Jestem doktorem ekonomii.
4. Czy prawdą
jest, że w latach 70-ych grał Pan w Bundeslidze dwoma okładzinami gładkimi.
Tak, grałem kilka lat w pierwszej Bundeslidze w klubie
Hertha BSC z Berlina, studiując w tym samym czasie na uniwersytecie.
Tak jak wskazano, po obu stronach używałem okładzin
gładkich.
Technika:
To naprawdę szkoda, że JOO i CHEN nie wykorzystują swoich
długich czopów częściej i w sposób bardziej efektywny, na przykład do odbioru
podania lub atakowania podciętych piłek.
Wygląda na to, że nigdy ich tego nie nauczono.

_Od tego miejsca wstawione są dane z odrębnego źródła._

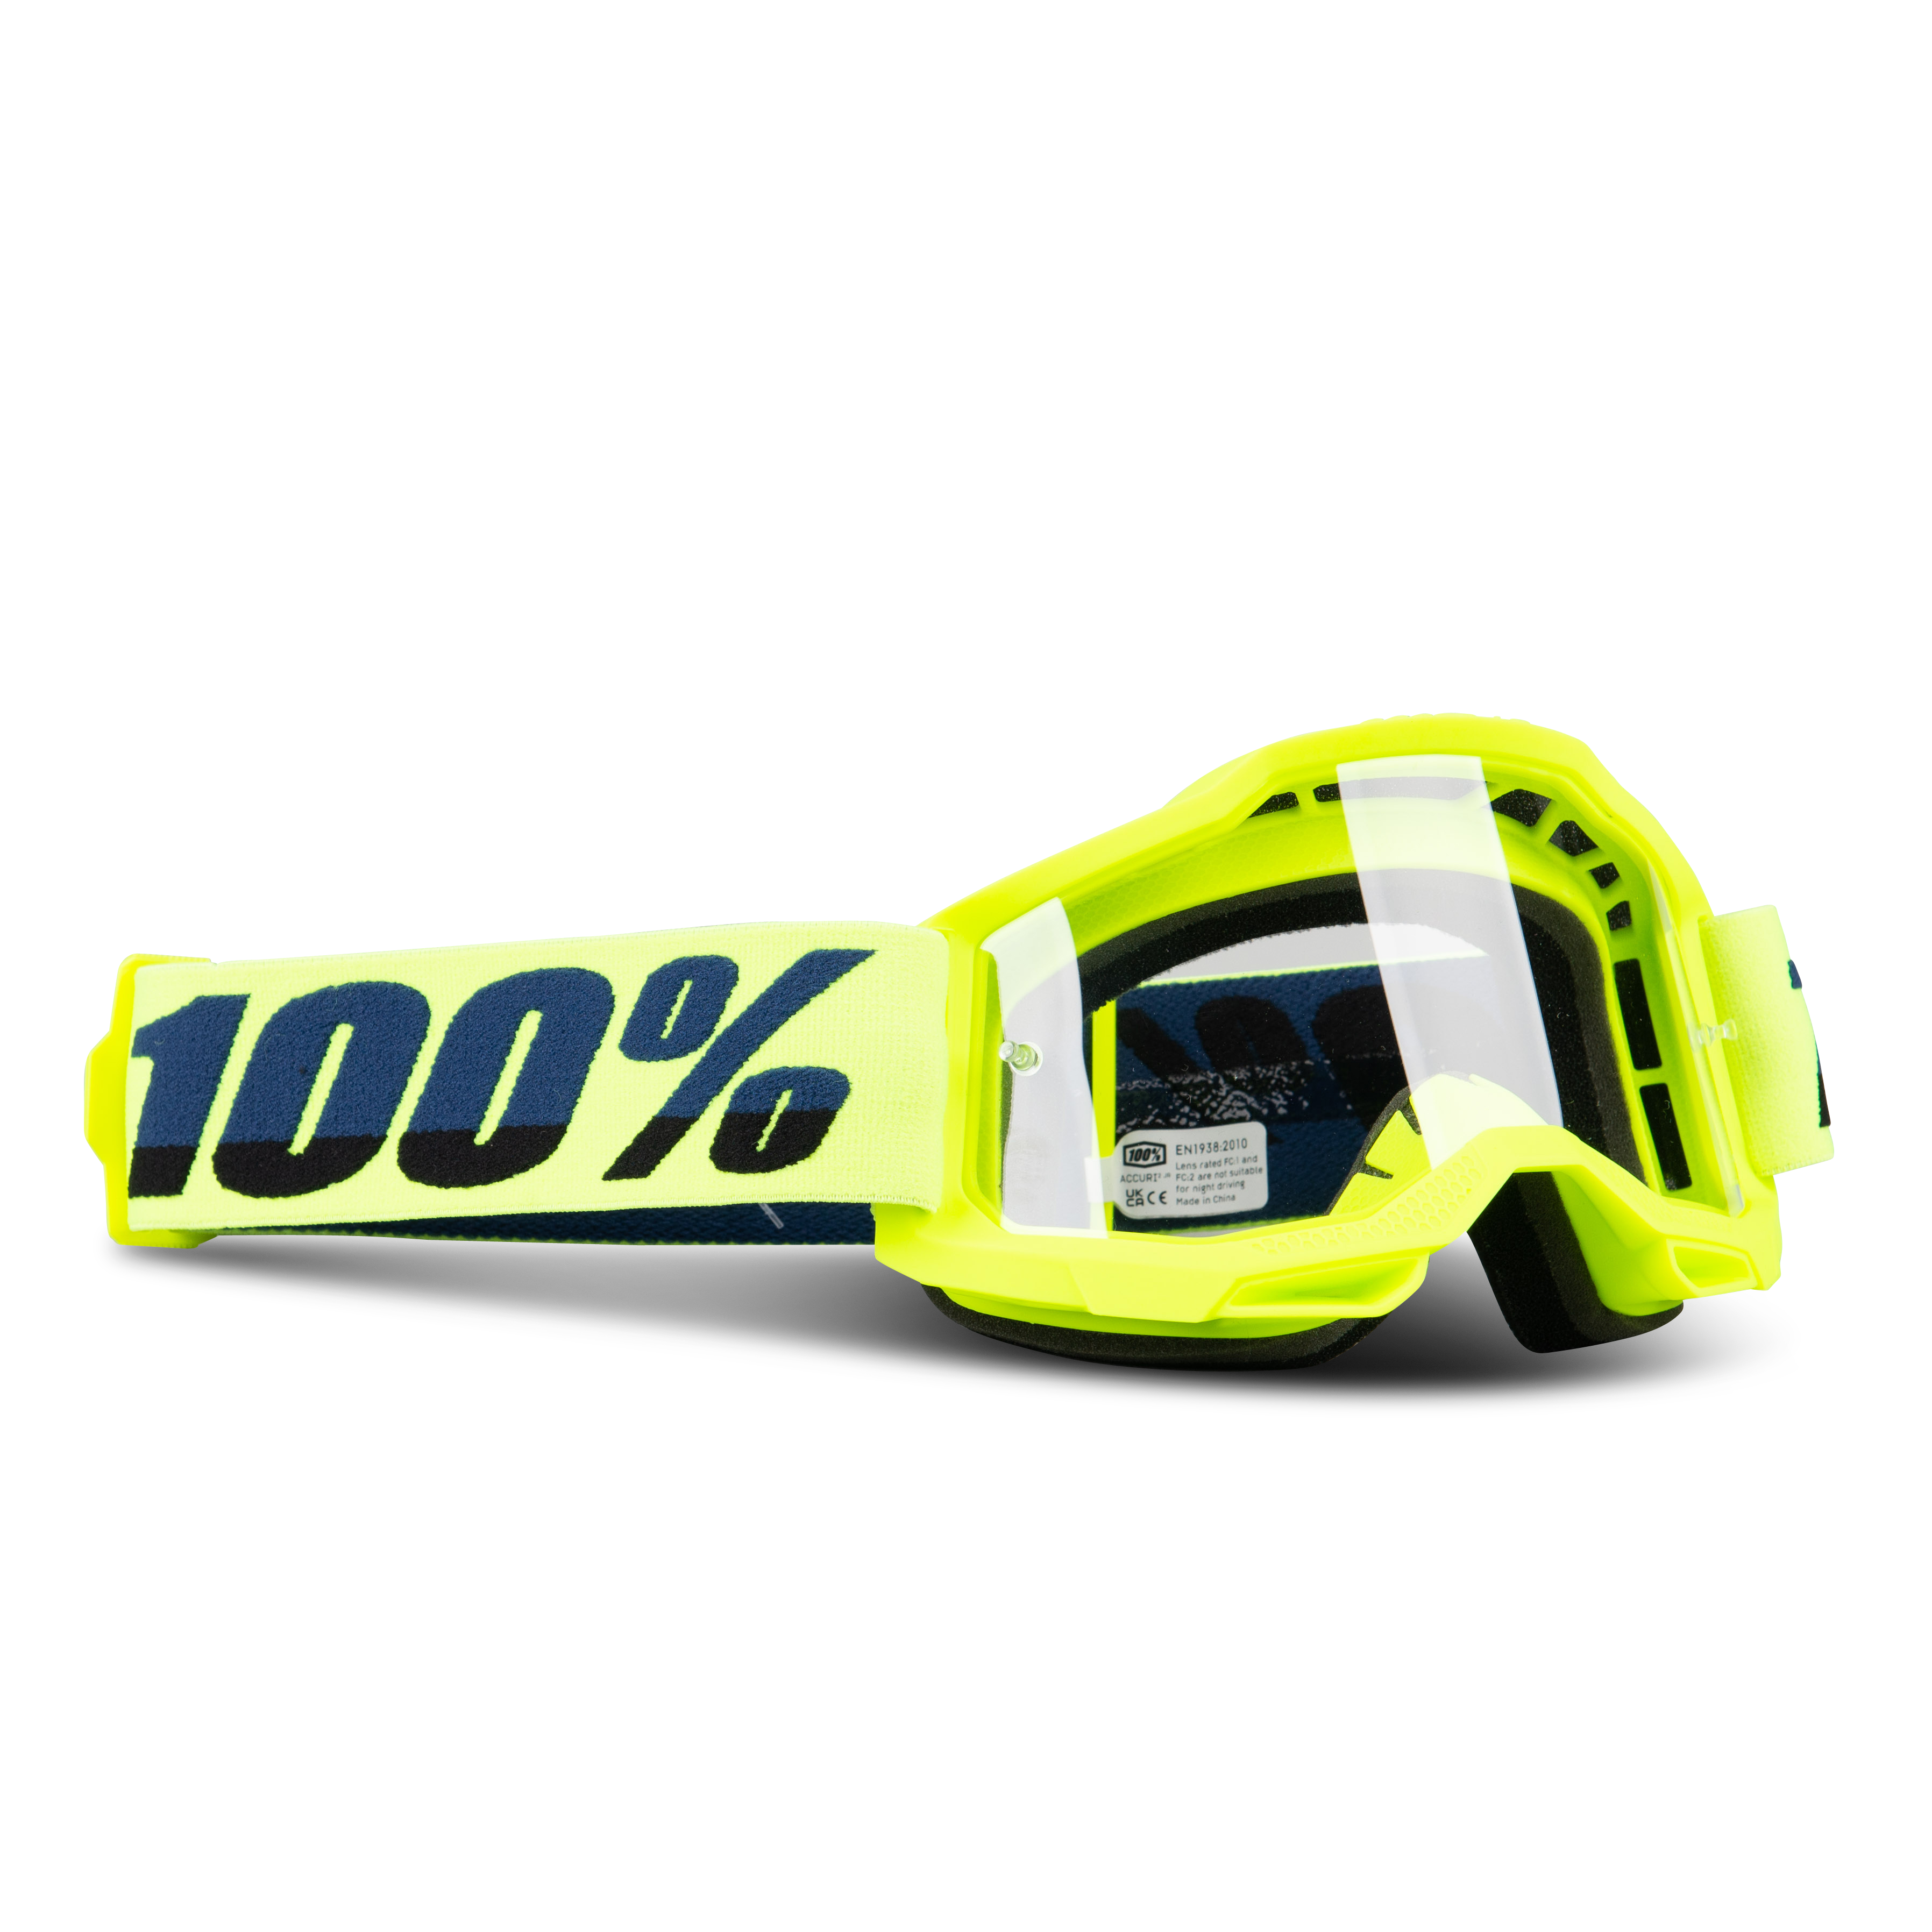 100% Accuri 2 MX Goggles Youth Yellow - Now 11% Savings
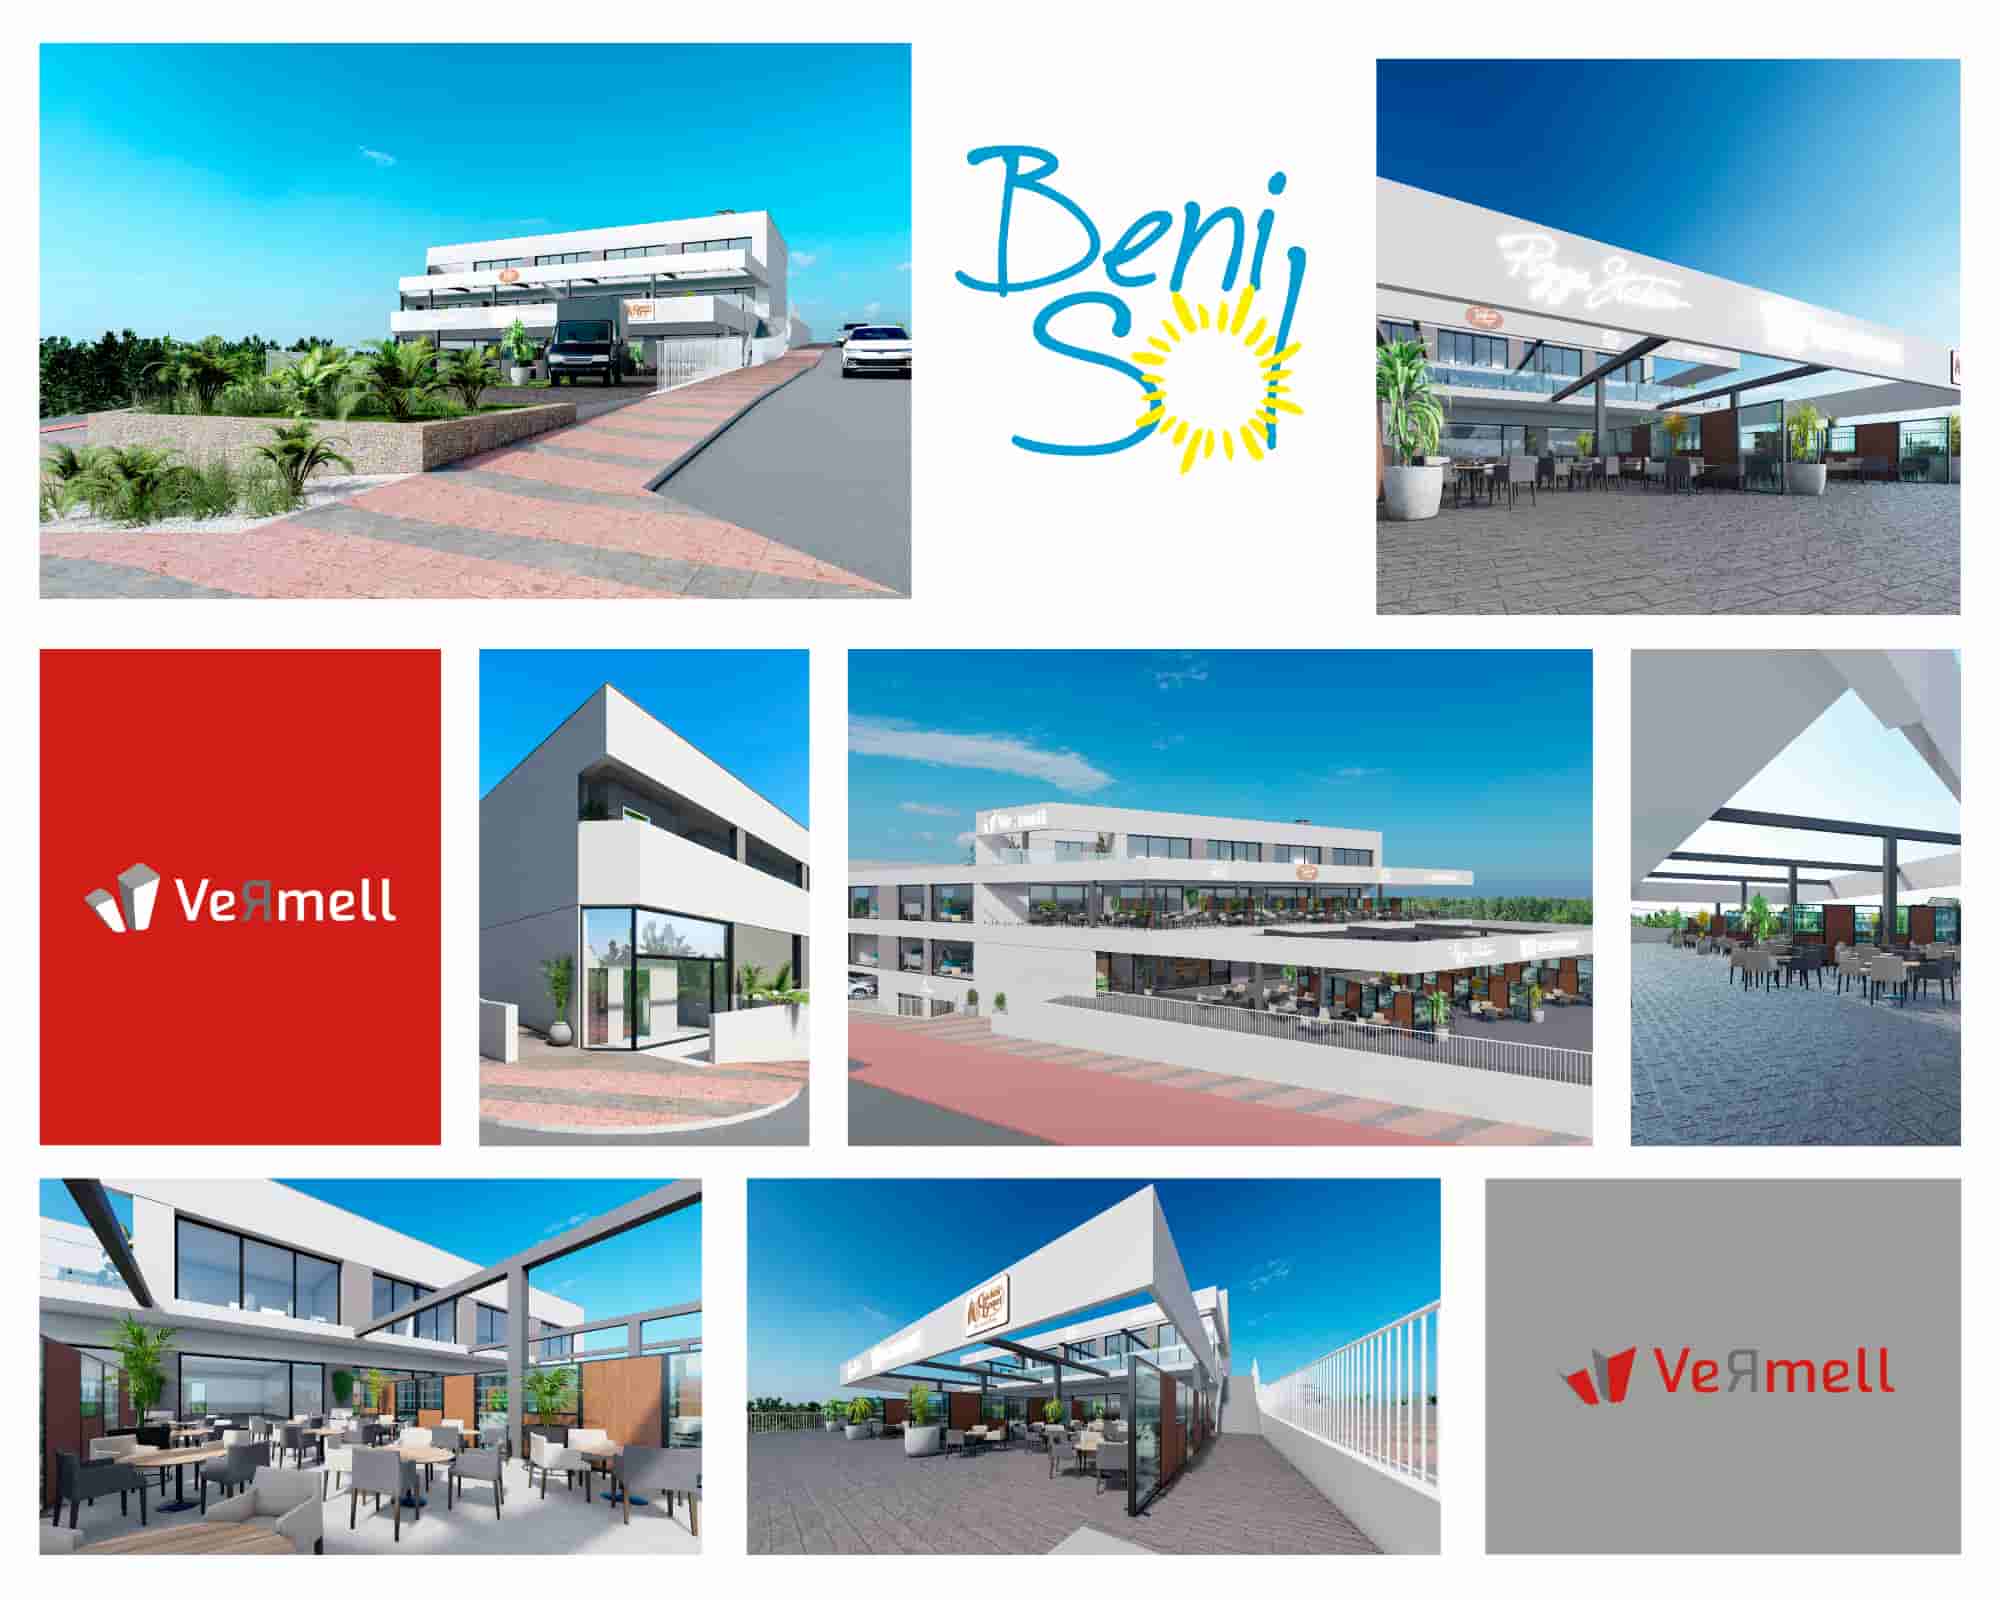 Centro comercial Benisol

Żaden z nich nie przekręca również systematycznie
rakietki tak, by wykorzystać gładką okładzinę do ataku bekhendowego, na
przykład przy dojściu do stołu by odegrać skrót.
6. Czy uważa
Pan, że zawodnik grający blisko stołu aktywnym agresywnym stylem długimi
czopami lub antyspinem mógłby kiedykolwiek zajść do pierwszej 10. światowego
rankingu? Jeśli nie, to dlaczego? Jeśli tak, to jakie przymioty/techniki
powinien taki gracz posiadać? Czy myśli Pan, że osiągnięcie tym stylem
wysokiego poziomu jest mniej lub bardziej możliwe w następstwie zakazu gry śliskimi
czopami?
Jest niezmiernie trudno dostać się do światowej pierwszej
10. niezależnie od używanego sprzętu.
Teoretycznie powinno być możliwe osiągnięcie tego poziomu
grając długimi czopami lub antyspinem, niemniej jednak gracz musiałby umieć
bardzo skutecznie kręcić rakietką w dłoni by utrudnić życie przeciwnikowi. Mógłby
używać tego typu gumy na bekhendzie do blokowania topspinów i wykonywania
agresywnych przebić (pchnięć) z piłek podciętych, przekręcając gdy tylko trzeba
by zaatakować szybkim topspinem lub uderzeniem okładziną gładką. Taki gracz
musiałby też posiadać doskonały atak z forhendu i wspaniały serwis. Ale
najbardziej ze wszystkiego potrzebowałby dobrej pracy nóg, doskonałego czucia
piłki, jak również umiejętności używania długich czopów (lub antyspina) w
skuteczny sposób forhendem.
Nie trzeba dodawać, że połączenie tego wszystkiego jest
bardzo, ale to bardzo trudne! Innymi słowy trudno mi sobie wyobrazić, że mogło
by do tego dojść.
7. Czy techniki
dla ABS lub Grizzly ABS różnią się znacznie od tego, co Pan pokazał na swoim
pierwszym wideo nt. antyspina? Jakieś nowe uderzenia, o których może nam Pan
powiedzieć?
W zasadzie możecie wykorzystać te same techniki dla
naszych niedawno wprowadzonych okładzin antyspinowych 'A-B-S' i 'Anti Special'.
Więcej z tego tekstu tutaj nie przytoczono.